Texas incentives for filmmakers are defended in House hearing

Texas Enterprise Fund continues to draw fire

A Hollywood executive and others told Texas lawmakers on Wednesday that the state is doing the minimum right now to be competitive in the film industry. Economic incentives for filmmakers who ply their craft here were the focus of hours of testimony Wednesday during a House select committee meeting, the latest in a series of hearings about Gov. Perry’s prized Texas Enterprise Fund and Emerging Technology Fund, as well as other programs designed to lure business.

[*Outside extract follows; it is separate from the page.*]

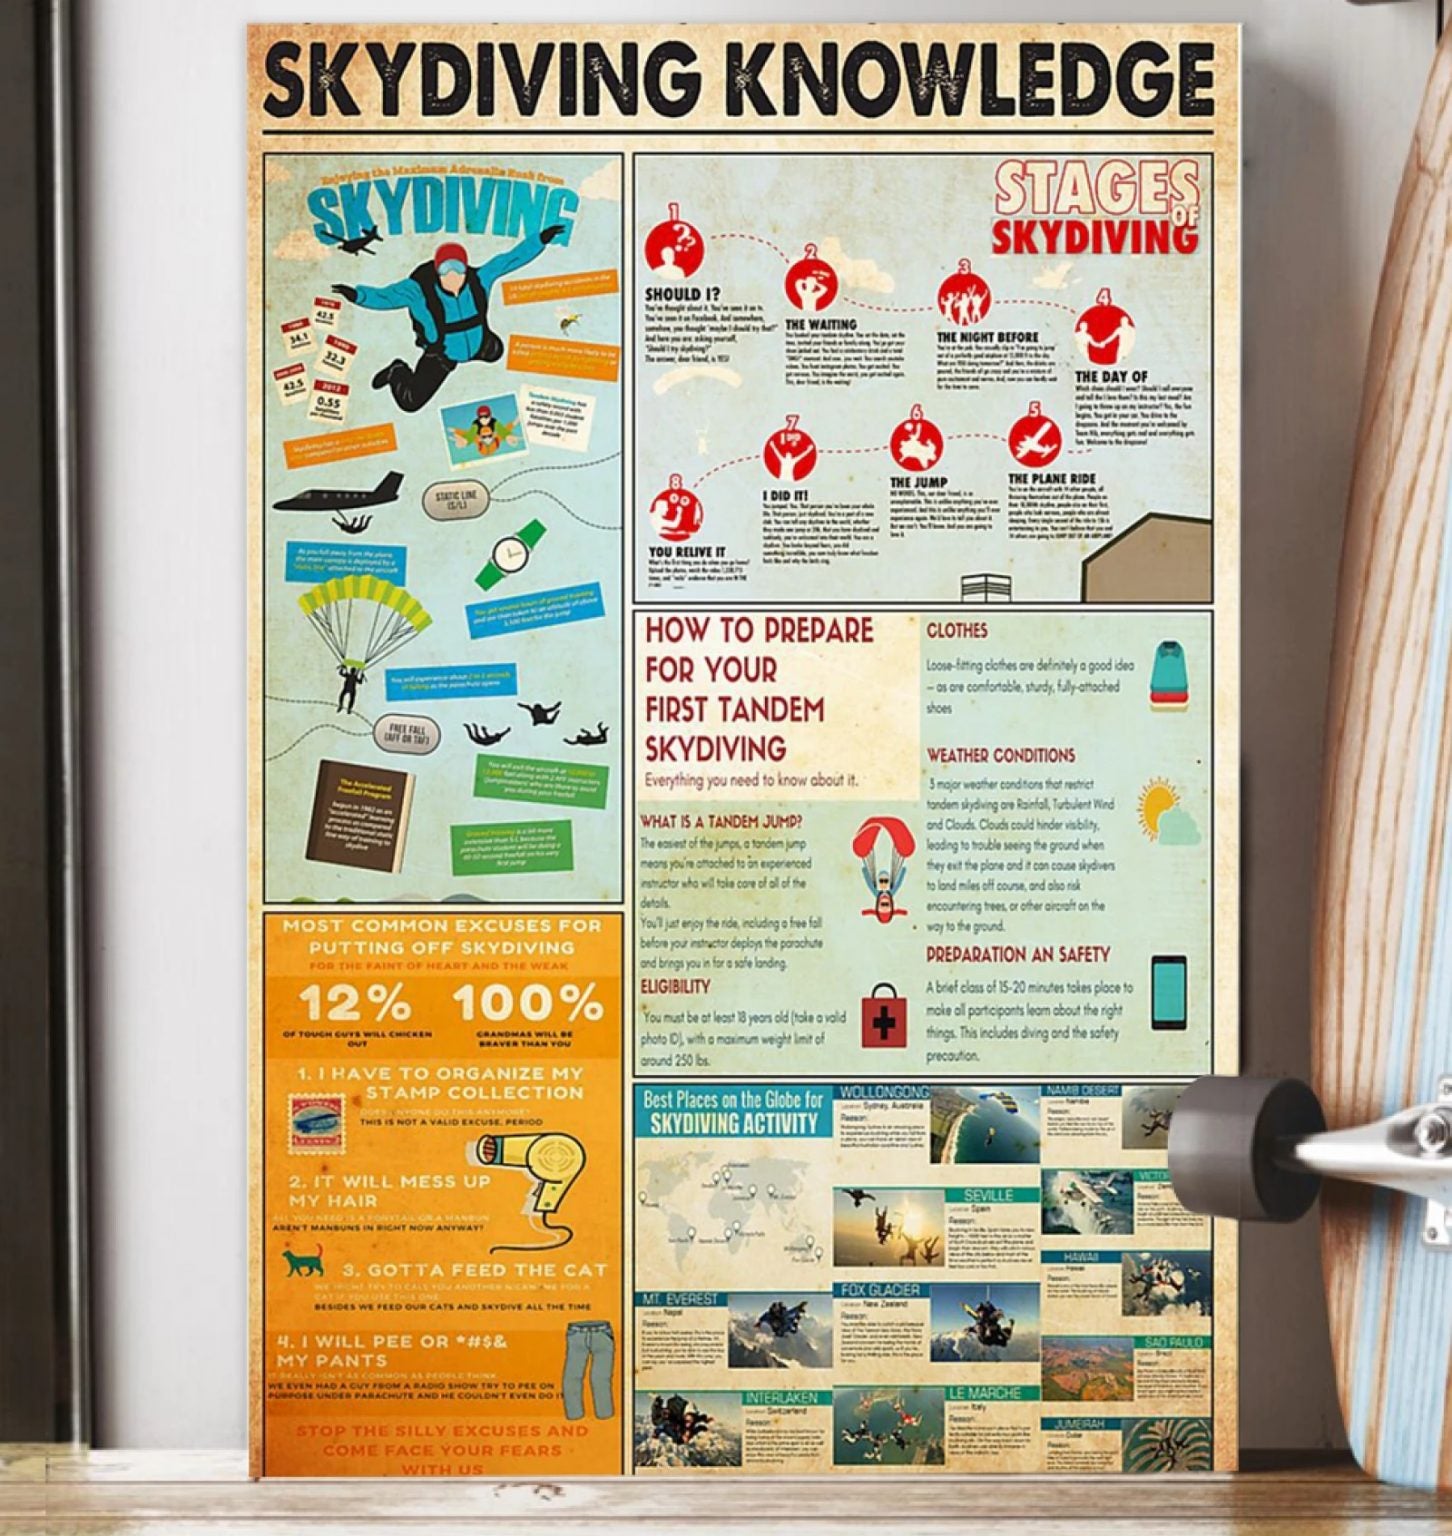 Skydiving Knowledge

Heather Page, the Director of the Texas Film Commission, said $128 million has been rebated to companies over the last 7 years through the Moving Image Industry Incentive Program and those companies have injected about $958 million into the state’s economy. It’s also created about 15,000 fulltime jobs in that time, she said. Meantime states like New York, Michigan, and Louisiana have gotten much more aggressive in recent years with their incentive programs for filmmakers, Page said.

As of last fiscal year, the program had a 657 percent rate of return, Page said. "That number is determined by the documentation that we receive from the applicant, how much money they spent, of which we will incentivize a percentage of that," she said and added that unlike the Texas Enterprise Fund – which grants money to companies up front after they’ve agreed to certain terms – the film incentives require private investment first. "They have to spend in the state well before they see a rebate from us," Page said.

The fund has been criticized by some self-identified Tea Party lawmakers and others as unnecessary and “outside the core functions of government.”